Phenodigm scores capture the similarity between a knockout mouse and a human disease, based on phenotypic similarity. The algorithm is described in detail here.
In brief, the algorithm proceeds in two stages. The first stage compares individual disease phenotypes to individual mouse phenotypes using a cross-ontology measure (MP and HP terms). The outcome of each comparison depends on the semantic similarity of the terms, as well as their prevalence. Thus, pairs of phenotypes that are biologically similar and relatively rare (e.g. human ‘Ataxia’ and mouse ‘ataxia’) obtain a high score, while pairs that refer to different biological entities and are quite vague (e.g. human ‘Abnormality of the cardiovascular system’ and mouse ‘adipose tissue phenotype’) obtain a very low score. Scores from this stage fall in the range [0, infinity], although typical values are [0, 6].
When comparing mouse and disease profiles, all disease phenotypes are matched with a corresponding phenotype in the mouse. Average and maximum scores are displayed in the summary tables.

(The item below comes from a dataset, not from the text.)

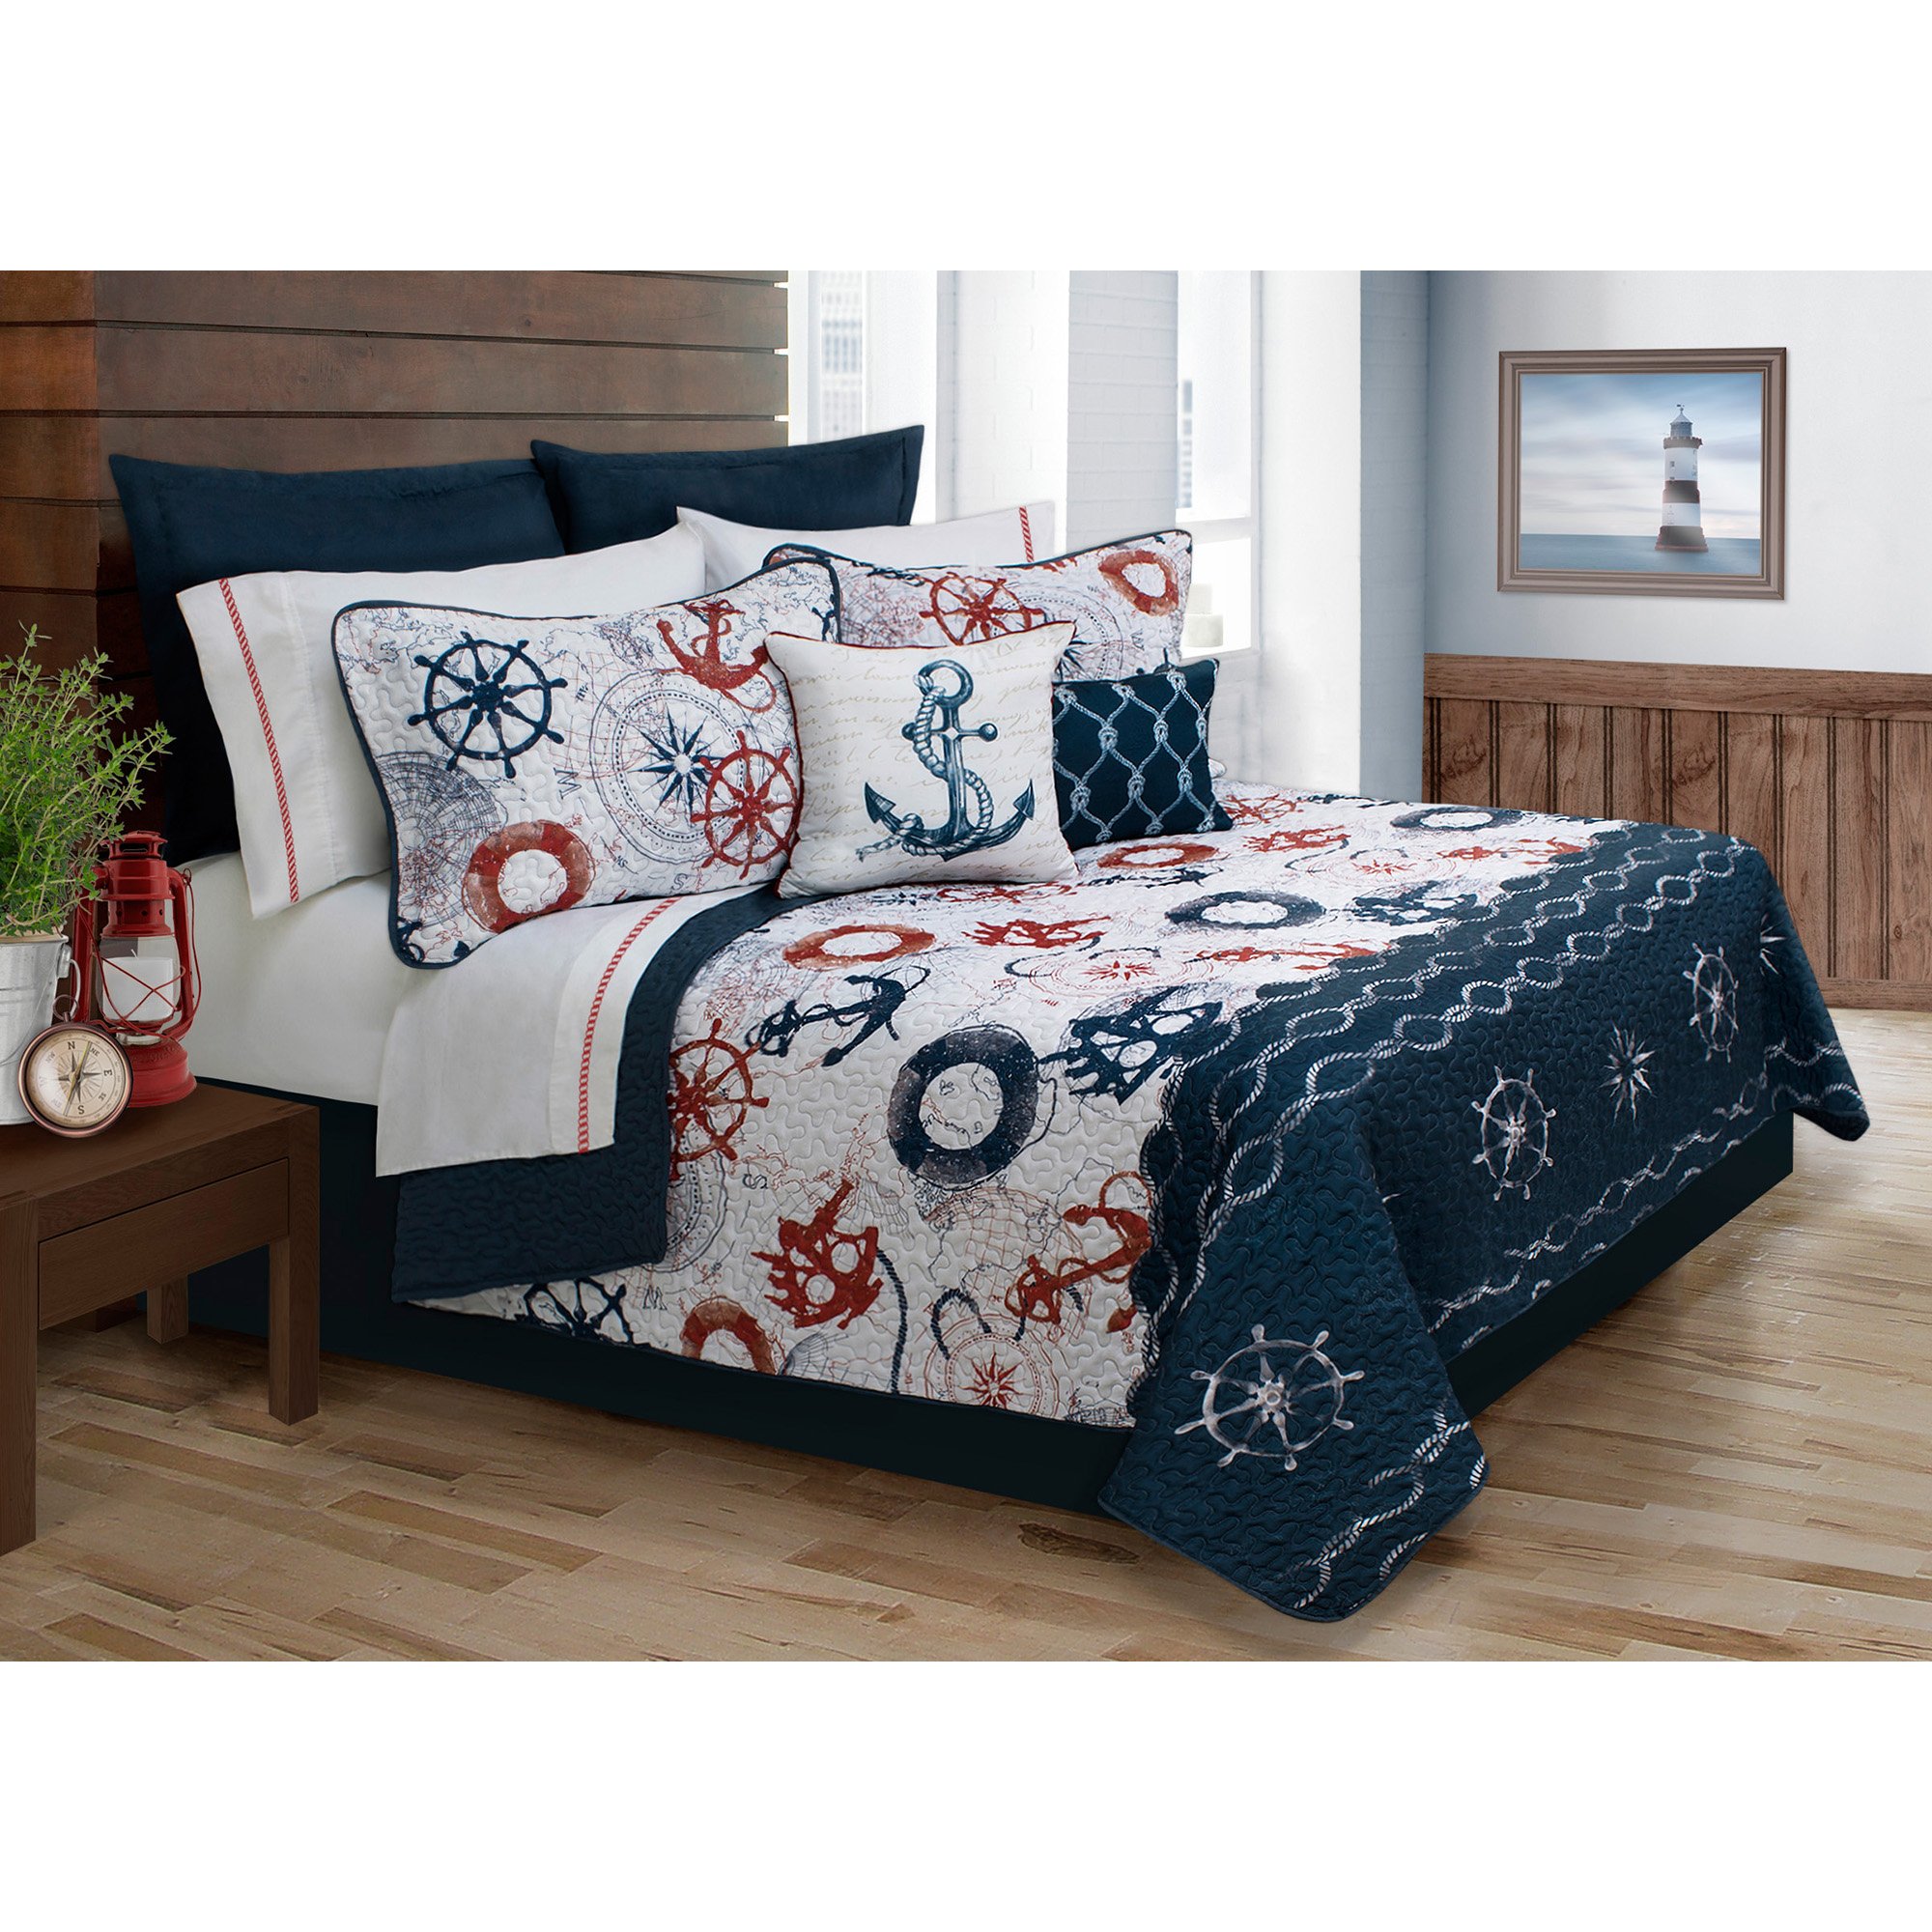 Safdie Ocean Theme Bedroom Queen Sheet Set, Full Bedspread with Shams, Blue Bedspreads Queen Size, Ocean Blues Bedding Sets & Collectio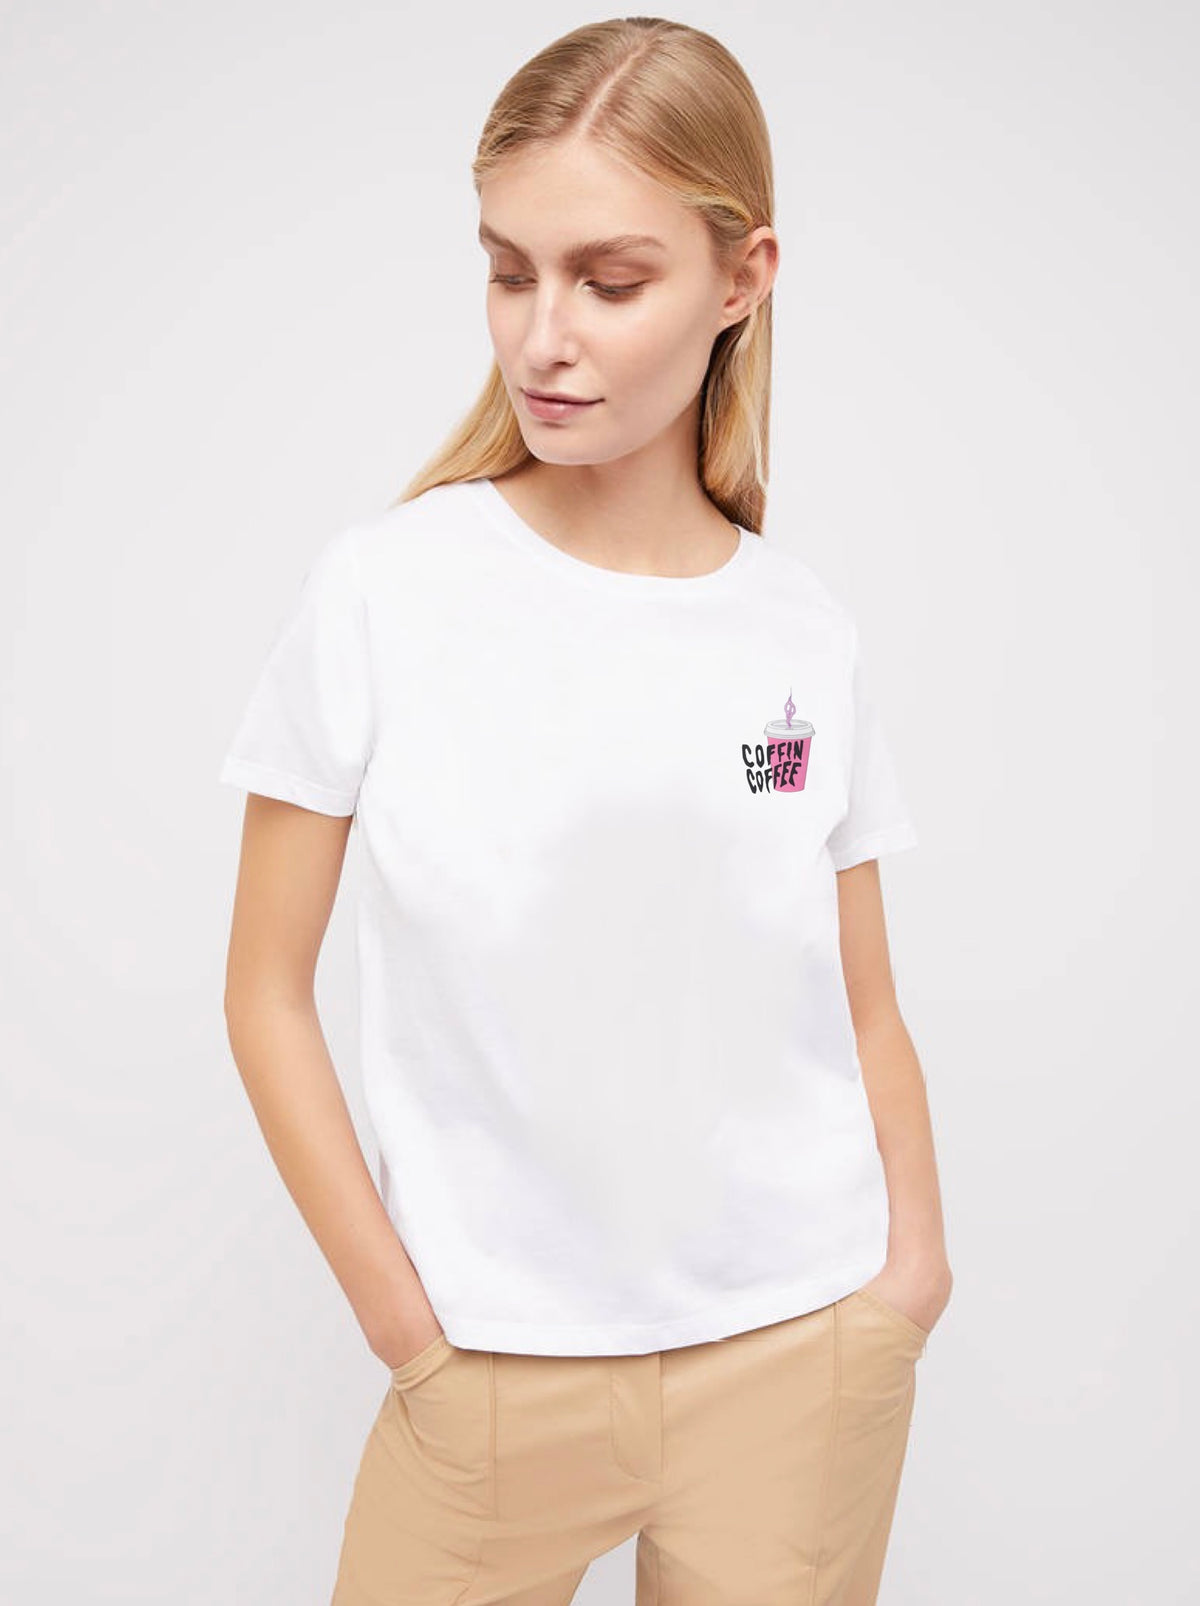 Teen White Cotton Graphic T-shirt

The second stage of the calculation aggregates pairwise scores into a single value. Conceptually, this is a combination of the average and maximum scores. However, there is an additional normalization step, which is described in detail in the publication. The overall outcome is the Phenodigm score, which, by definition, falls in the range [0, 100].
All tables are defaultly sorted by the Phenodigm score.